NeuroStream & NeuroServer — Local Rendering for Large Models

As our models have grown more powerful, so have their hardware demands. The best results were increasingly locked behind extremely powerful GPUs, limiting how many users could actually take advantage of them locally. As those requirements kept growing, we knew we needed to rethink how we build, deliver, and run these models. That rethinking led to NeuroStream.

NeuroStream is a proprietary, industry-first technology that reduces VRAM requirements by up to 95%, allowing large models like Wonder 2 and Wonder 3 to run on everyday hardware without sacrificing output quality. The only tradeoff is a minor reduction in processing speed. What once required an extremely powerful GPU accessible only on the cloud can now run on the hardware most users already have.

To use NeuroStream technology on your device we’ve built NeuroServer. This lightweight local server runs on your machine when you select a model that requires it. Topaz Gigapixel will automatically spin up NeuroServer in the background, load the model, and process your images. When it’s no longer needed, the server shuts down on its own.

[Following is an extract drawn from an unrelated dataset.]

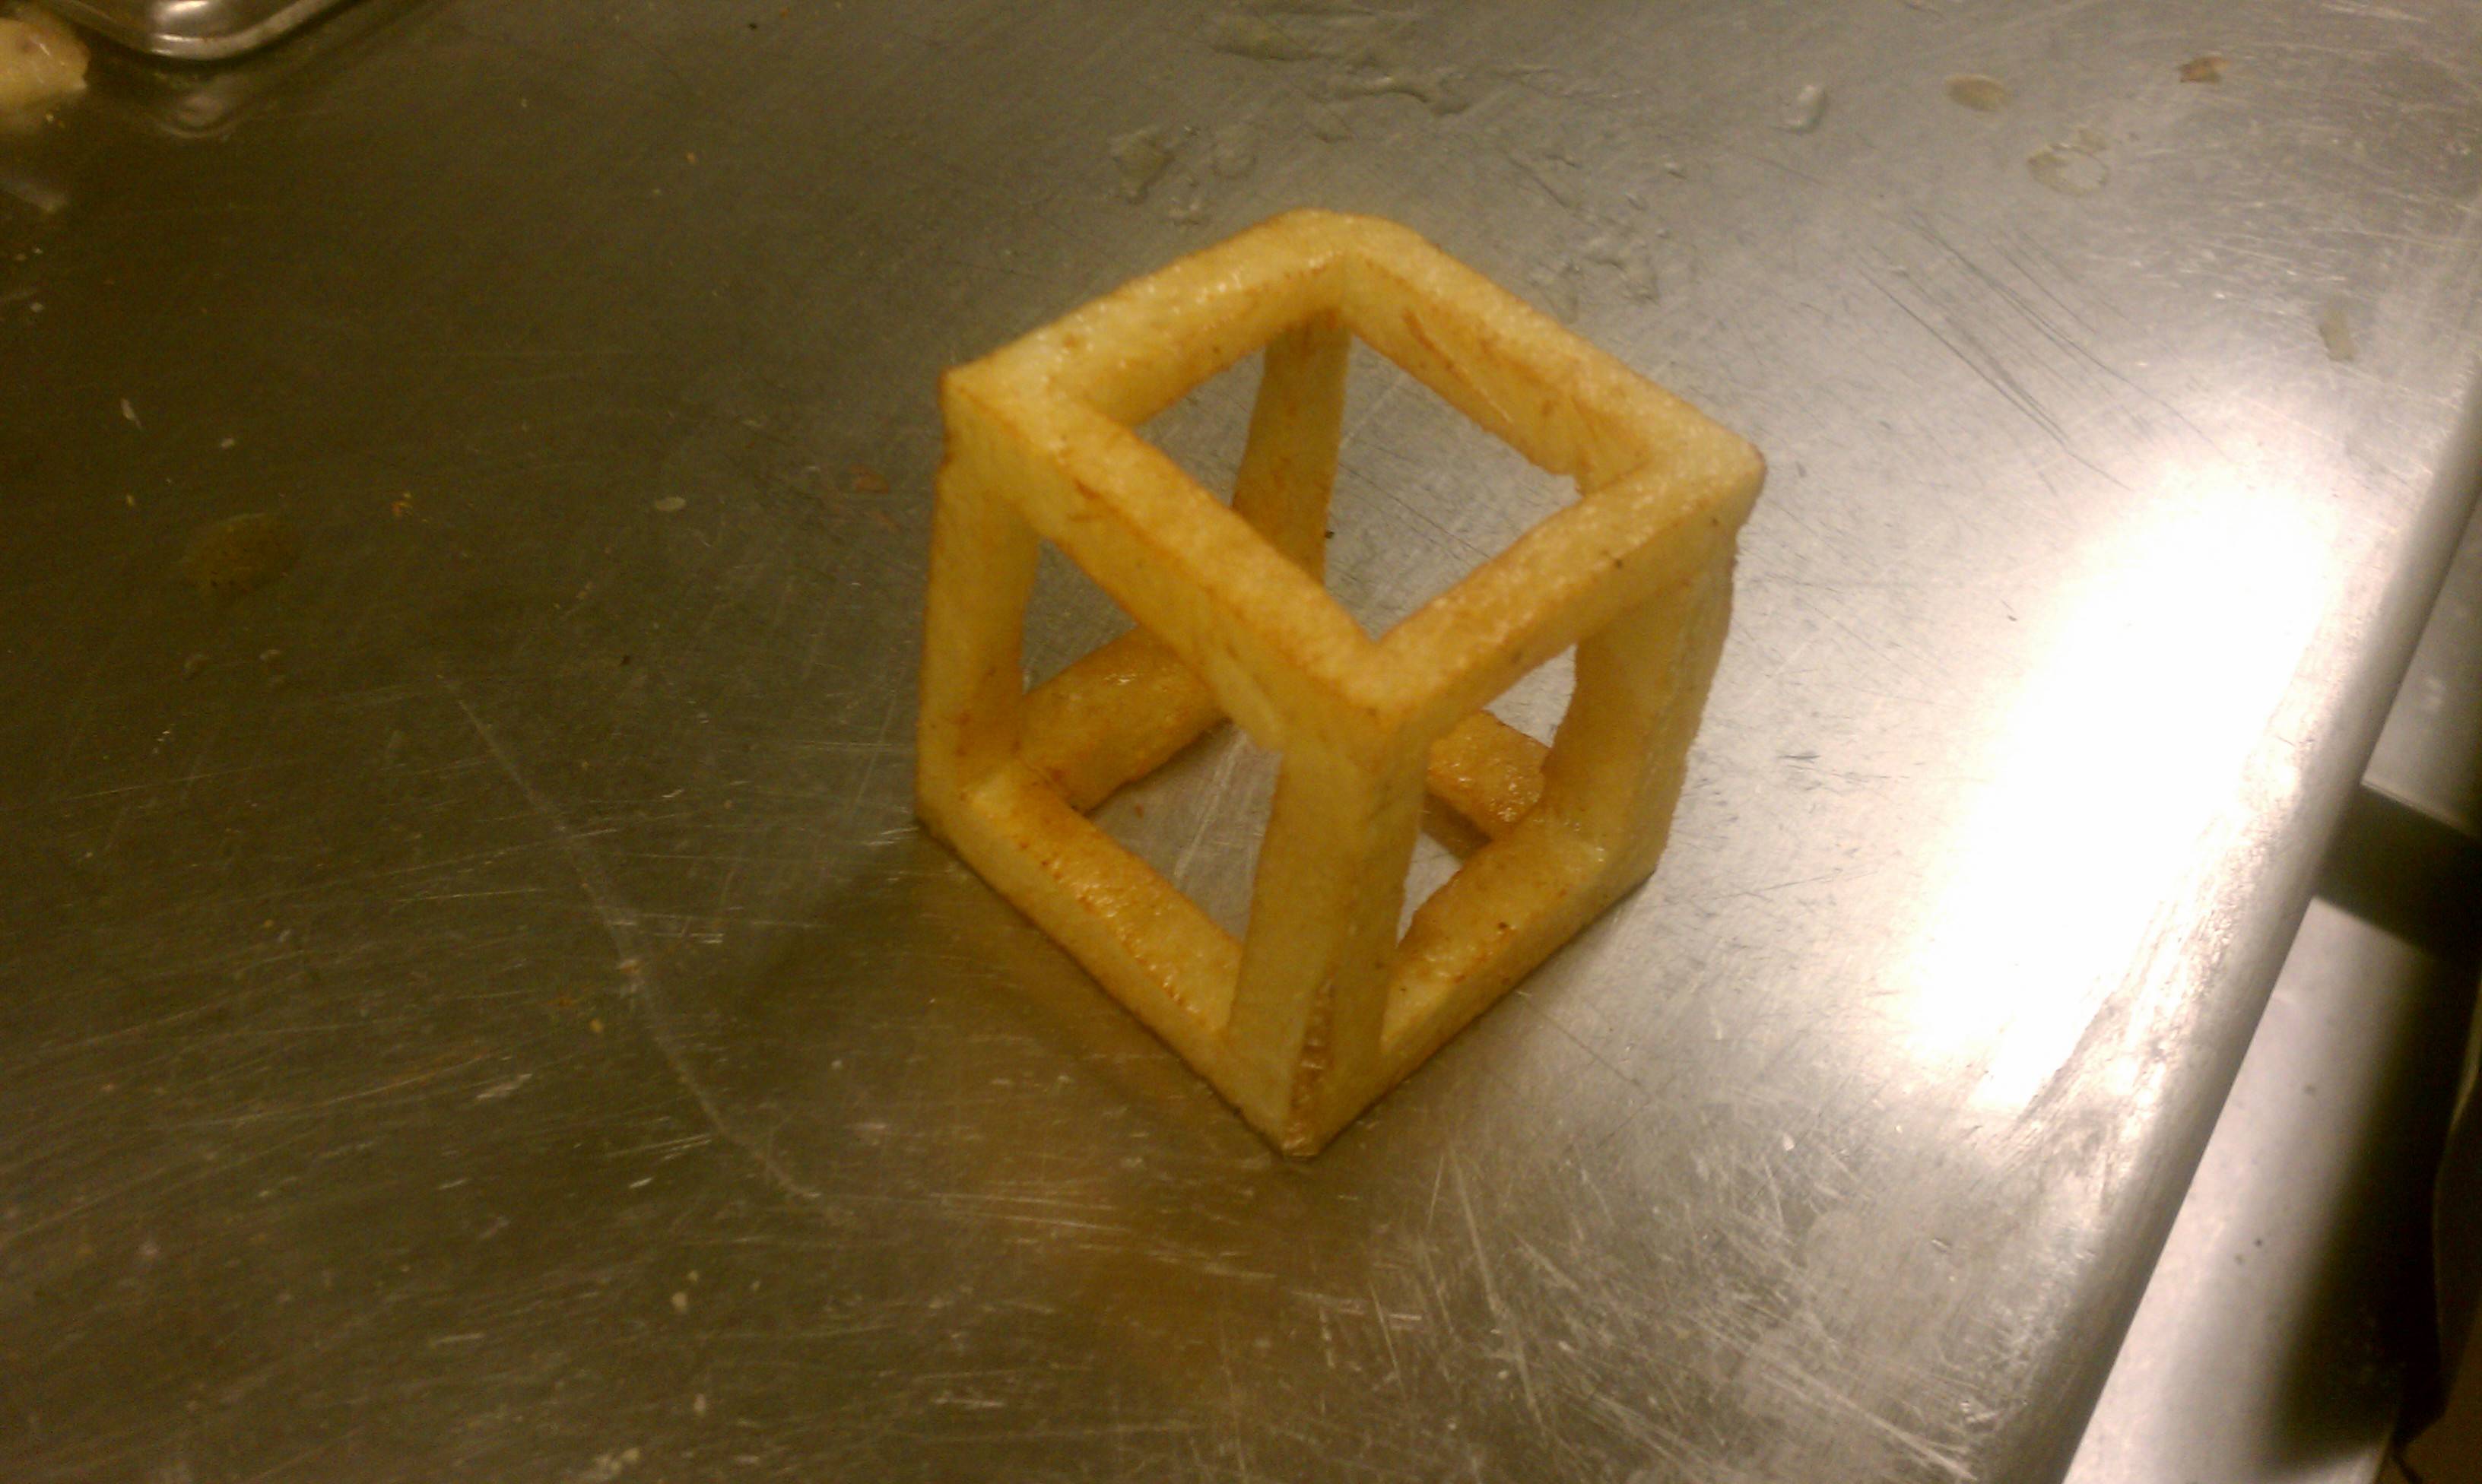 I give you the French fry cube.

This opens a new chapter for what’s possible in Topaz Gigapixel. NeuroStream removes the biggest barrier to running powerful models locally, and we’re already working on bringing more models to the application using this technology. We’re excited about what’s ahead as we break down barriers for AI processing.

Wonder 2 Local Render — Photorealistic Recovery, Now Running Locally

Wonder 2 quickly became a fan favorite after its launch, delivering artifact-free enhancements, reliable text preservation, and our most powerful realistic recovery to date. The catch was that Wonder 2’s resource demands meant it could only run in the cloud.

That changes today.

With the introduction of NeuroStream and NeuroServer, we’ve built the infrastructure to bring Wonder 2 to your local machine. These technologies allow larger, more demanding models to run directly on your device and Wonder 2 is the first to take advantage of them.

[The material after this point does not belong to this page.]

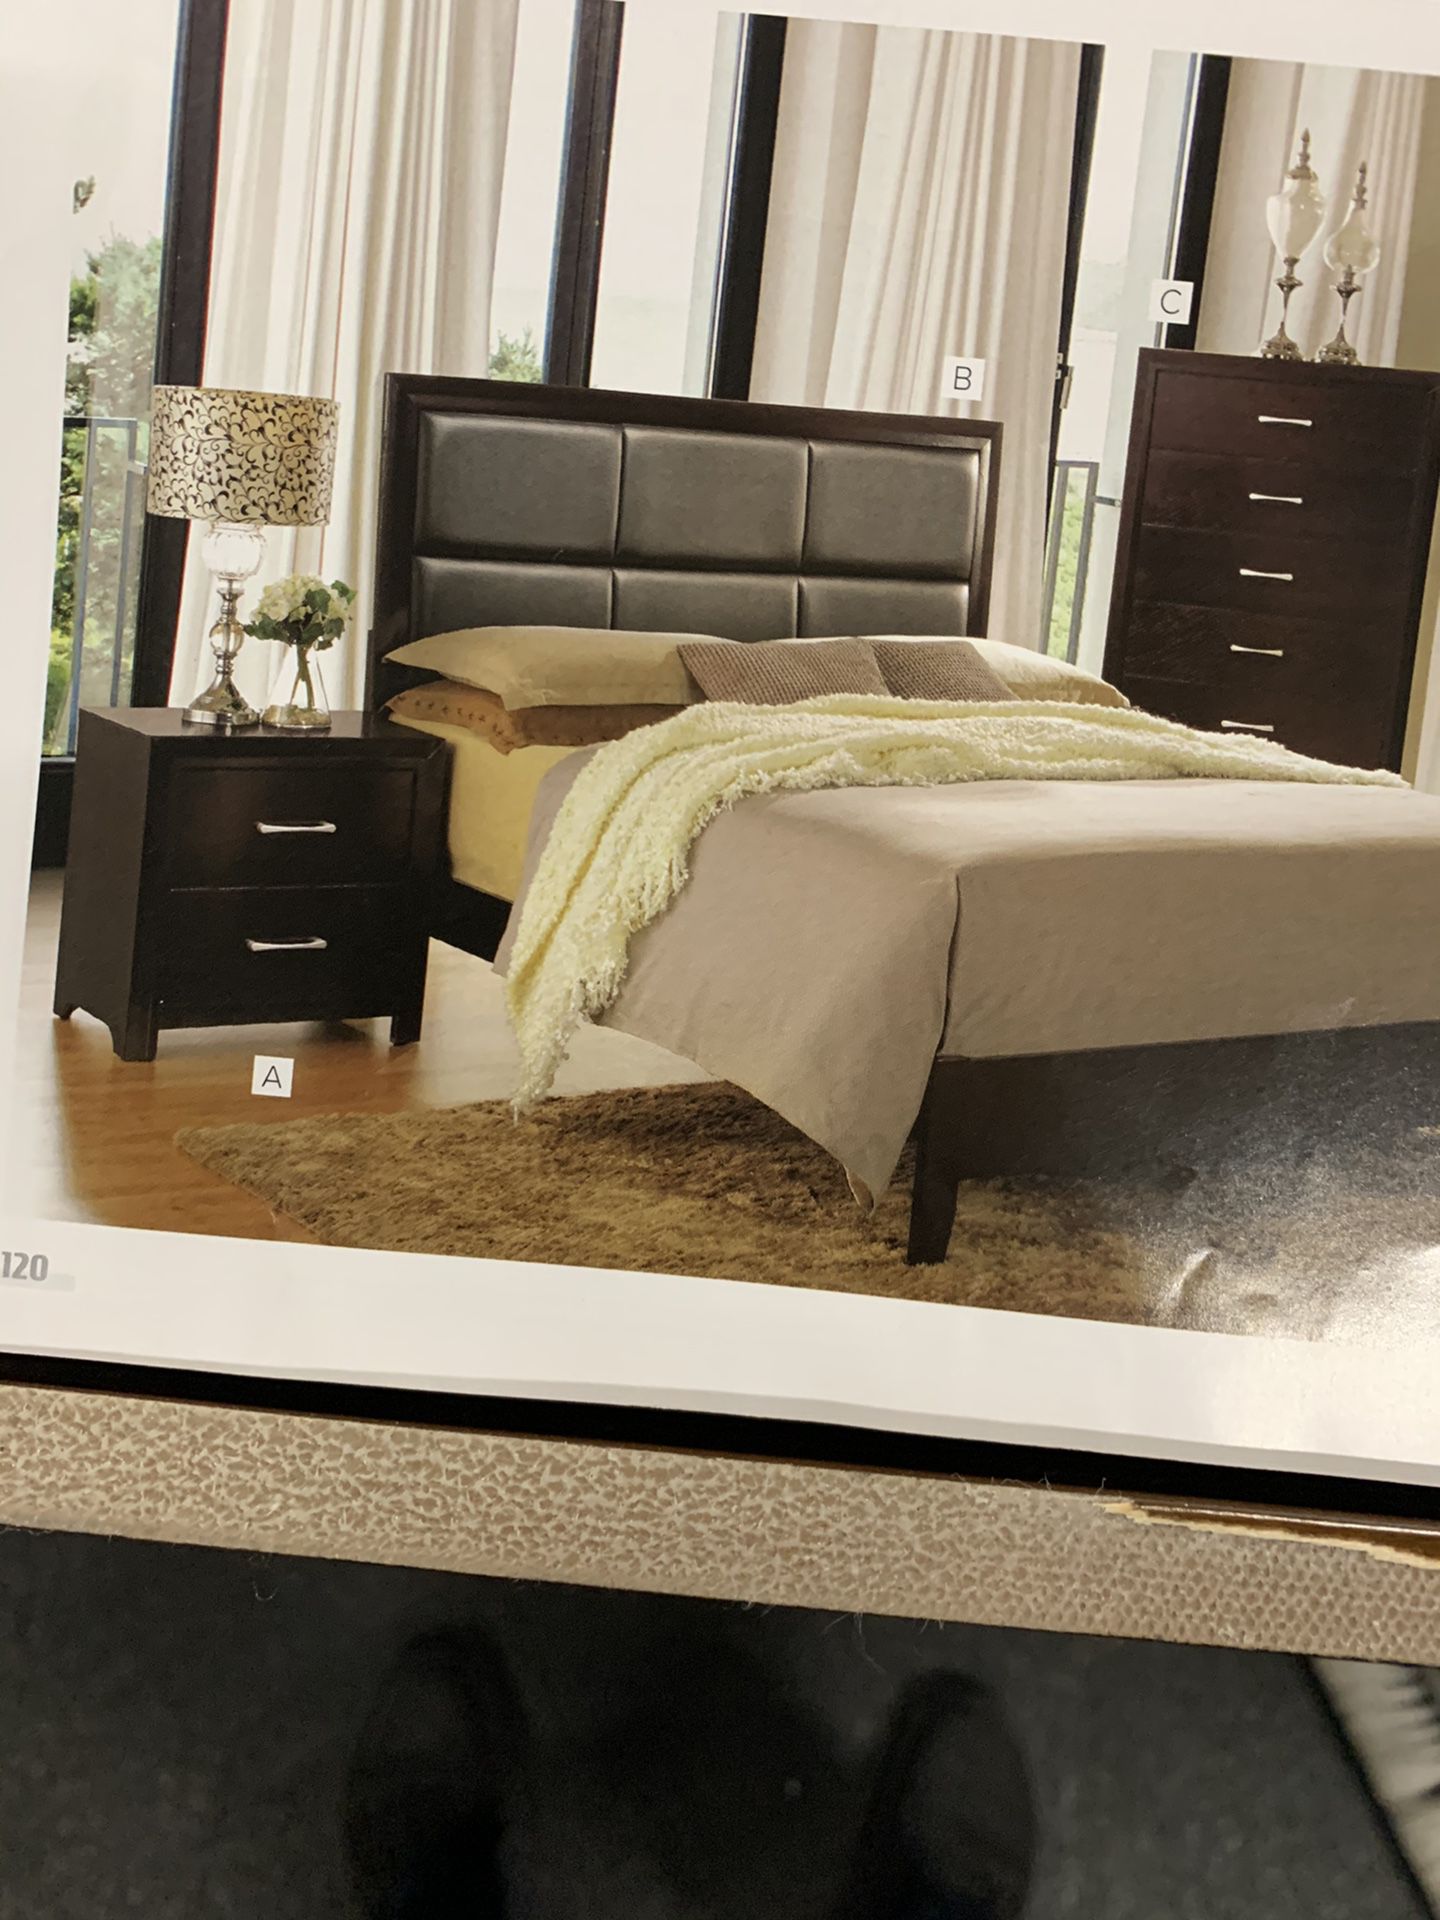 Queen bed room set on Sale (includes queen bed frame, dresser, mirror and 1 congratulations

Local rendering is currently supported on:

  • NVIDIA GPUs: 8GB VRAM or more
  • AMD GPUs: 8GB VRAM or more
  • Apple Silicon: 16GB RAM, macOS 14 or later

Intel Mac and Windows ARM (Snapdragon) users will continue to use cloud render for Wonder 2. Cloud render supports output up to 100MP.

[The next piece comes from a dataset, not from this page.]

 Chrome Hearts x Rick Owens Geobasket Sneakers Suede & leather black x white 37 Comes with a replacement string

For supported hardware, you can choose between local and cloud render depending on your preference. The two models have a slightly different character: the local model renders a bit sharper and less grainy than the cloud version, with particularly strong handling of faces and skin detail. If portraits are a big part of your workflow, it’s worth trying both and seeing which look you prefer.

With local rendering now available, you can process as many images as you want directly on your device. No upload times, just Wonder 2 running locally.

Wonder 3 — Smarter Recovery Across More Images

Wonder 2 set a high bar for general enhancement, but it was not yet at the level we were hoping for recovery. Low detail images, whether blurry, soft focus, or false resolution, saw limited improvements after processing, hitting the limits of what Wonder 2 could handle. Where Wonder 1 may have over-processed images and made them look artificial, it felt like Wonder 2 was not doing enough to improve images. It fell short, so we continued improving it to build the next version.

We tested Wonder 3 and quickly found it to be an extremely capable model. It handles images of all sizes and quality. The low quality images that Wonder 2 did not improve enough were easily recovered with Wonder 3, with an emphasis on realism. The new model produces high quality details that previous Wonder models struggled with. Wonder 3 handles difficult false resolution cases extremely well with no extra controls needed. You get better results on a wider range of images without having to intervene.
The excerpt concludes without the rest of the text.